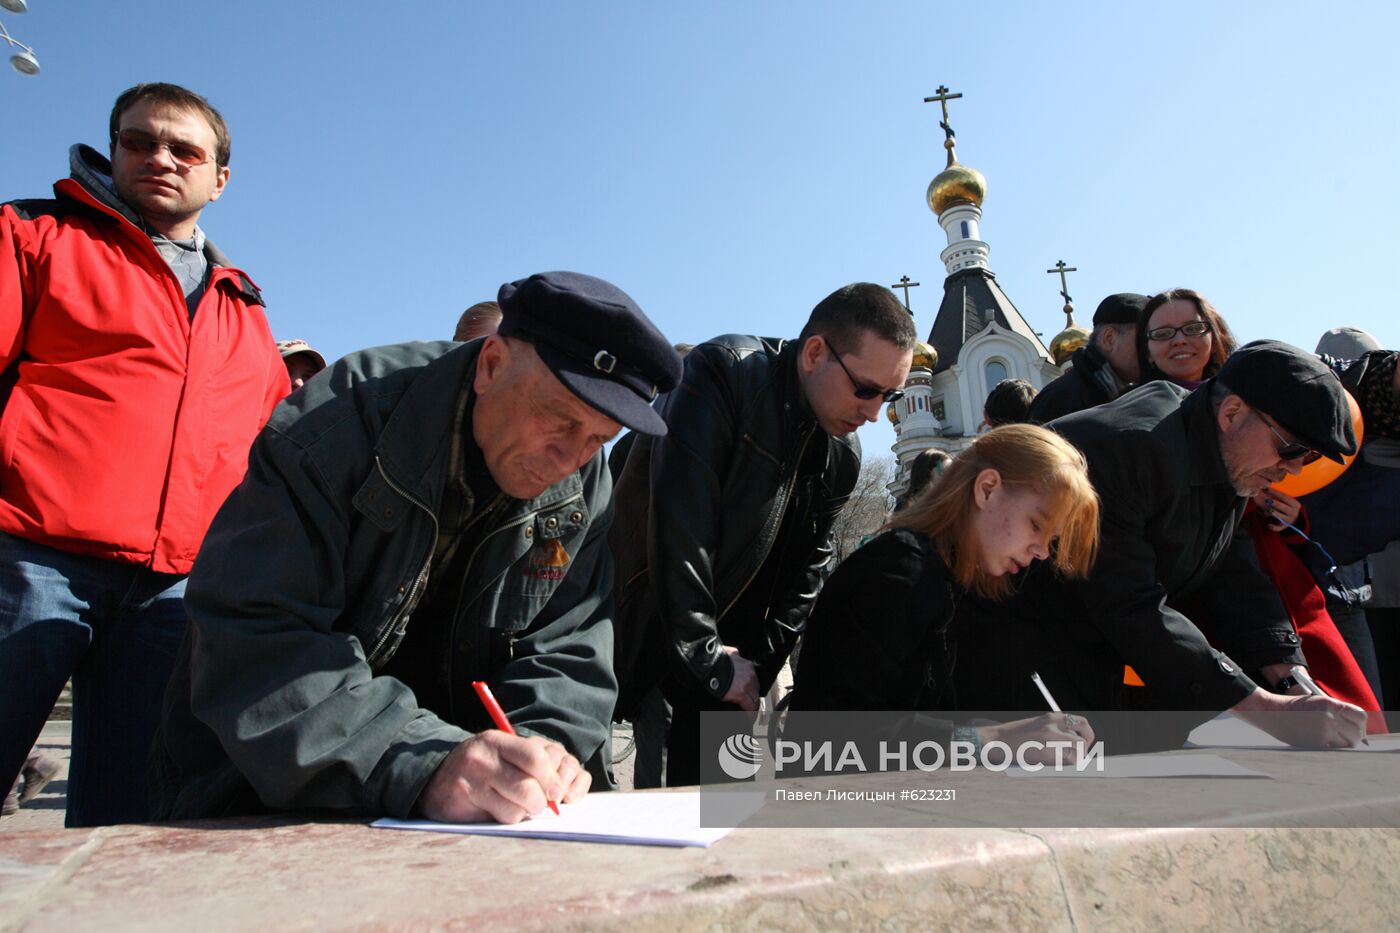 Митинг против строительства храма в центре Екатеринбурга
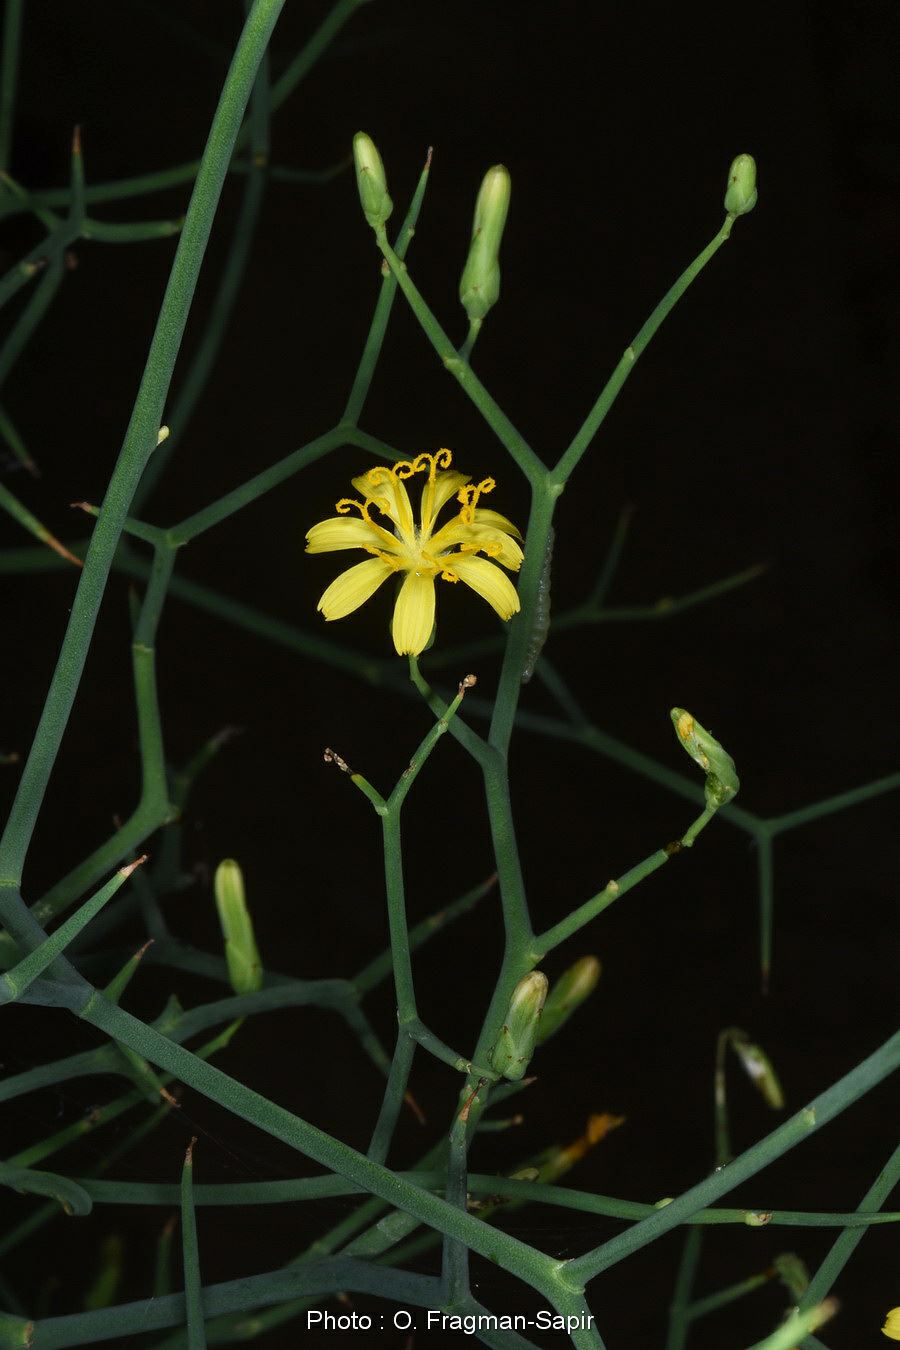 Launaea spinosa - Spiny Launea, לוניאה קוצנית, לוניאה קוצנית
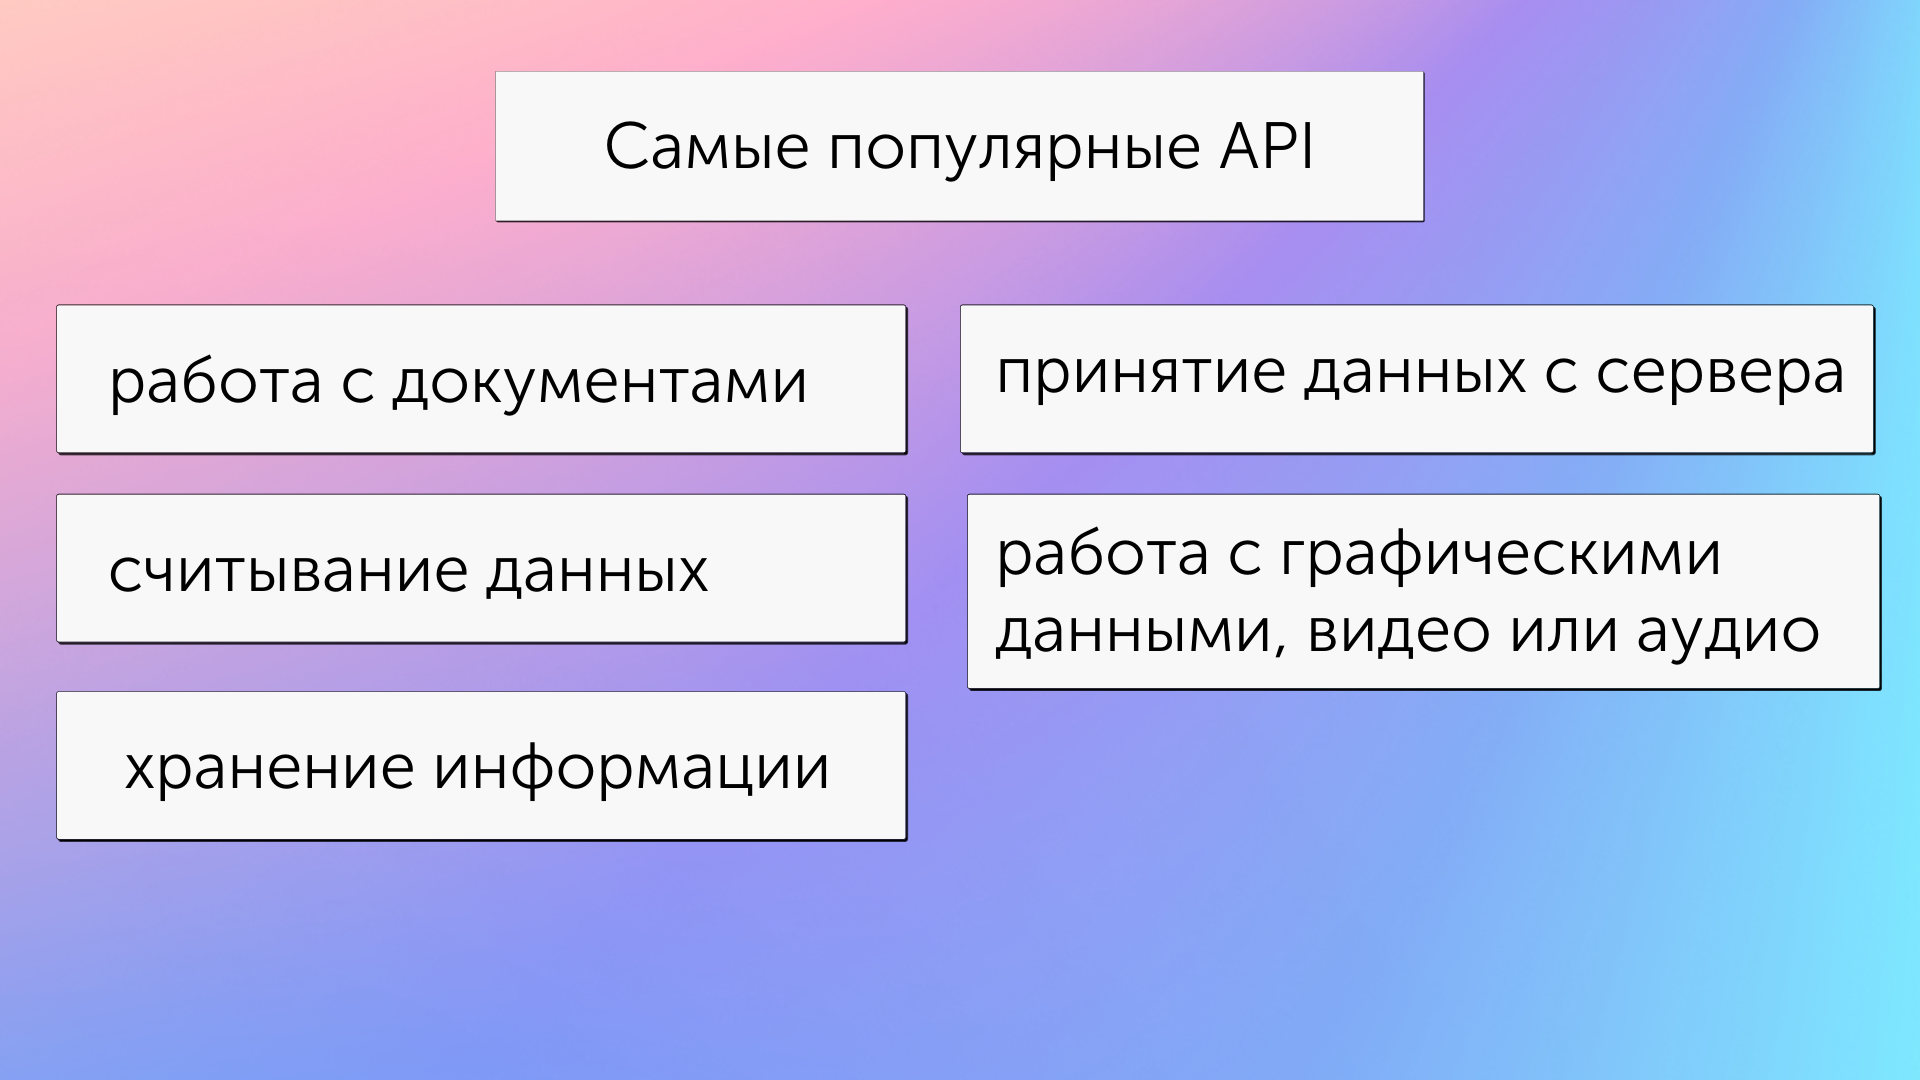 Основные и наиболее популярные категории API
══════
This exercise calls for the complete listing, returned exactly and without images.

ANSWER TO THE EXERCISE.
 Митинг против строительства храма в центре Екатеринбурга
 Launaea spinosa - Spiny Launea, לוניאה קוצנית, לוניאה קוצנית
 Основные и наиболее популярные категории API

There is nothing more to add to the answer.